We present the development and real world demonstration of an in-flight attitude control law for a small low-cost quadruped with a five-bar-linkage leg design using only its legs as reaction masses. The control law is trained using deep reinforcement learning (DRL) and specifically through Proximal Policy Optimization (PPO) in the NVIDIA Omniverse Isaac Sim simulator with a GPU-accelerated RL pipeline. To demonstrate the policy, a small quadruped is designed and constructed, and evaluated both on a rotating pole test setup and in free fall. During a free fall of 0.7 seconds, commanded orientation of 45 degrees in all principal axis is demonstrated, along with an average base angular velocity of 110 degrees per second during large attitude reference steps.
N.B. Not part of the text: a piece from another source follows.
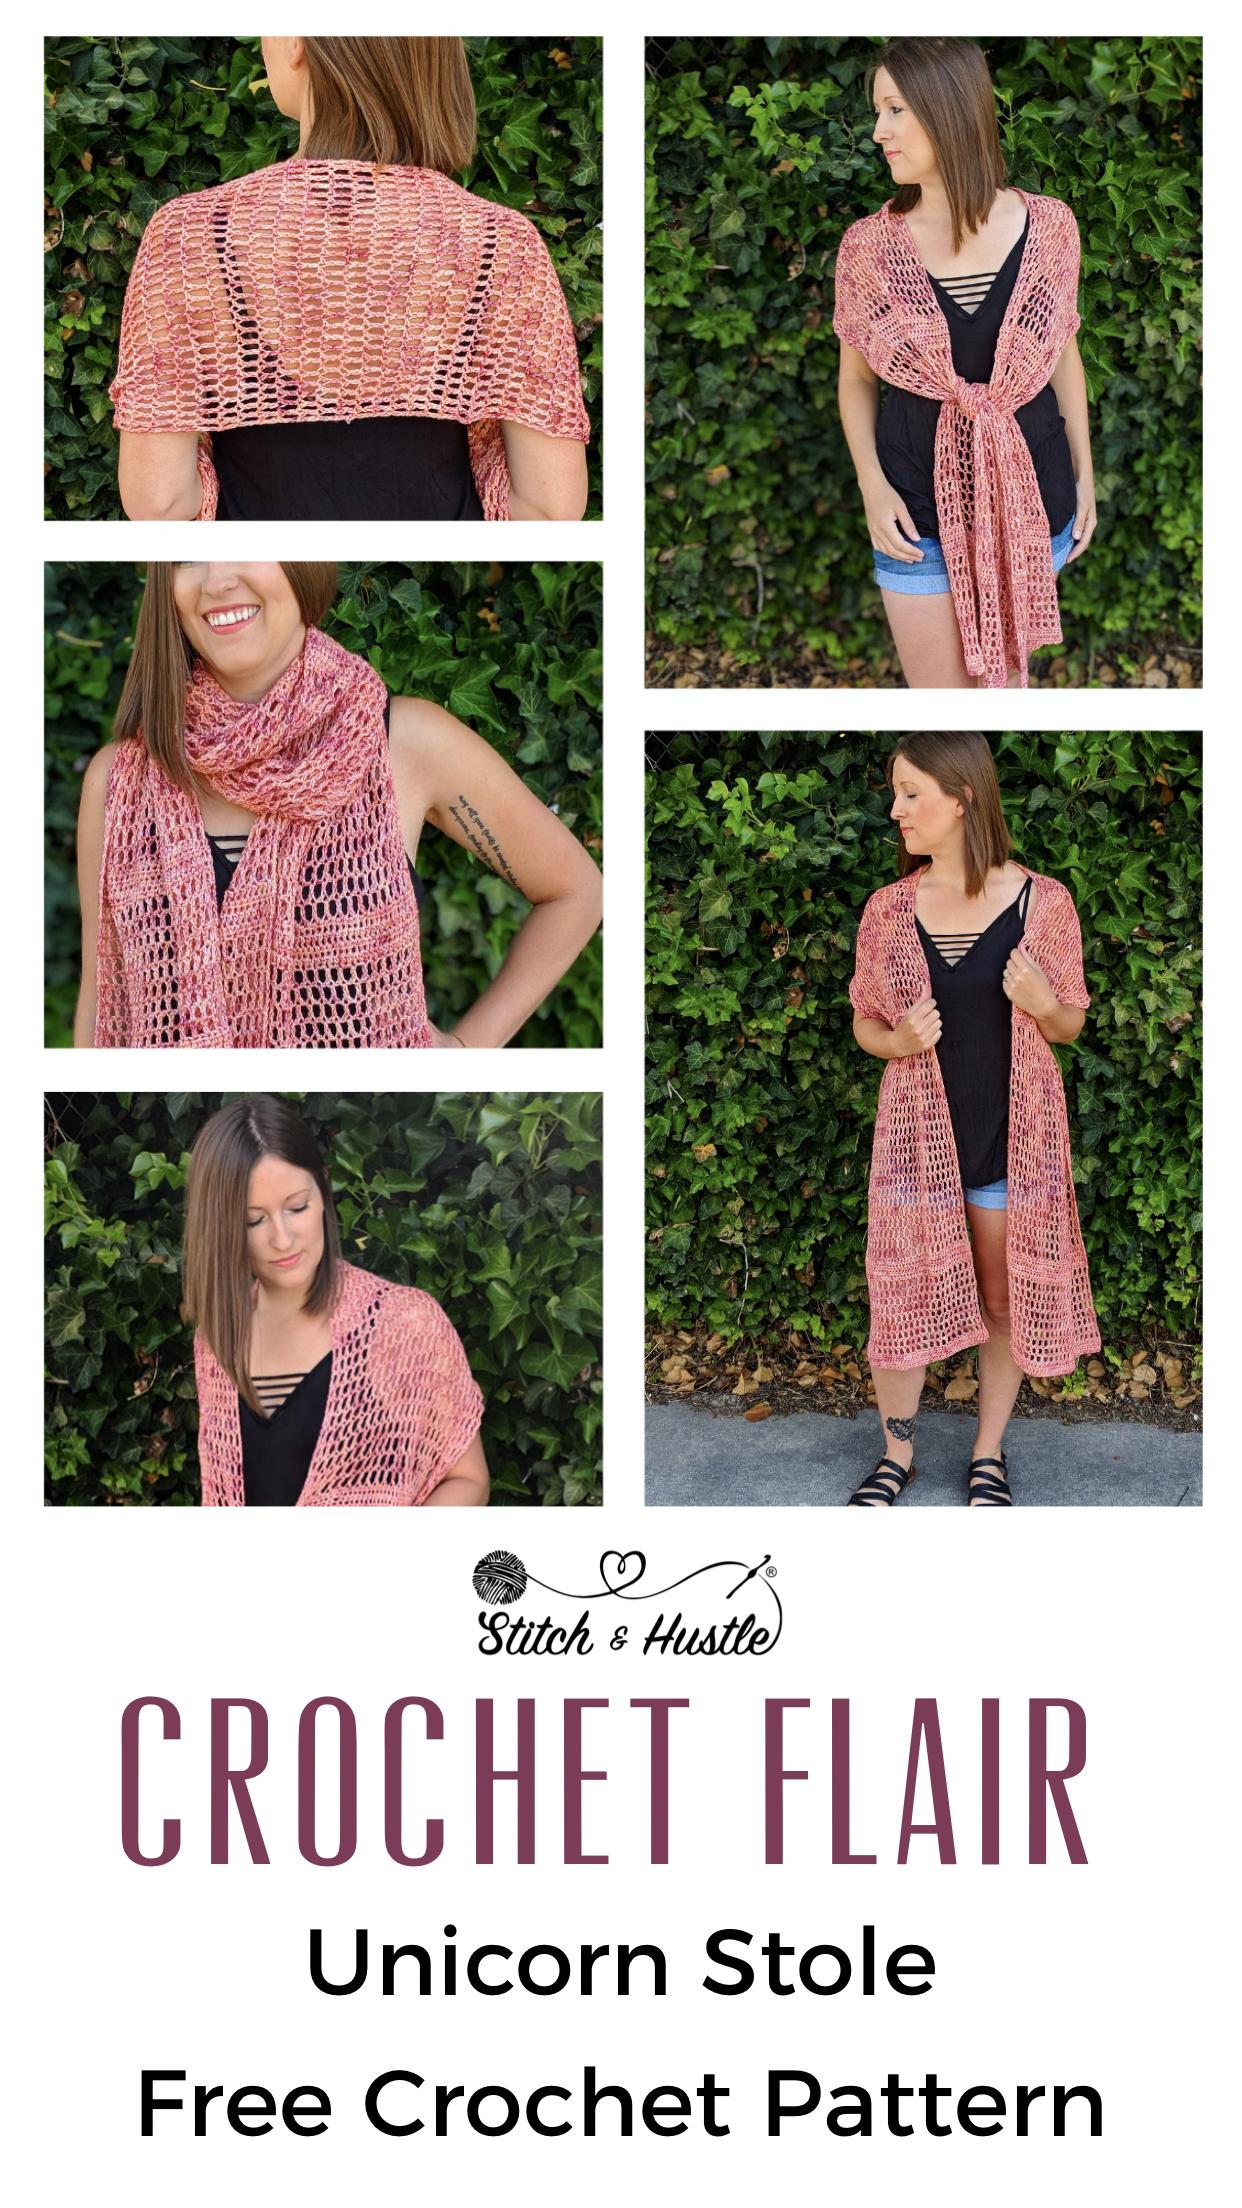 UnicornStole_Free_Crochet_Pattern_1g.jpg

The control problem is described as follows: Given a quadruped with a body-fixed frame \( \mathcal{B} \) and an inertial frame \(\mathcal{W}\), we want to adjust \(\mathcal{B}\) to align with a target frame \(\mathcal{T}\). The target frame \(\mathcal{T}\) has the same origin as \(\mathcal{B}\) but may have a different orientation, as shown in the figure below. We assume the quadruped is "floating" in a zero-gravity environment and that it must reach its target orientation using solely its legs as reaction masses.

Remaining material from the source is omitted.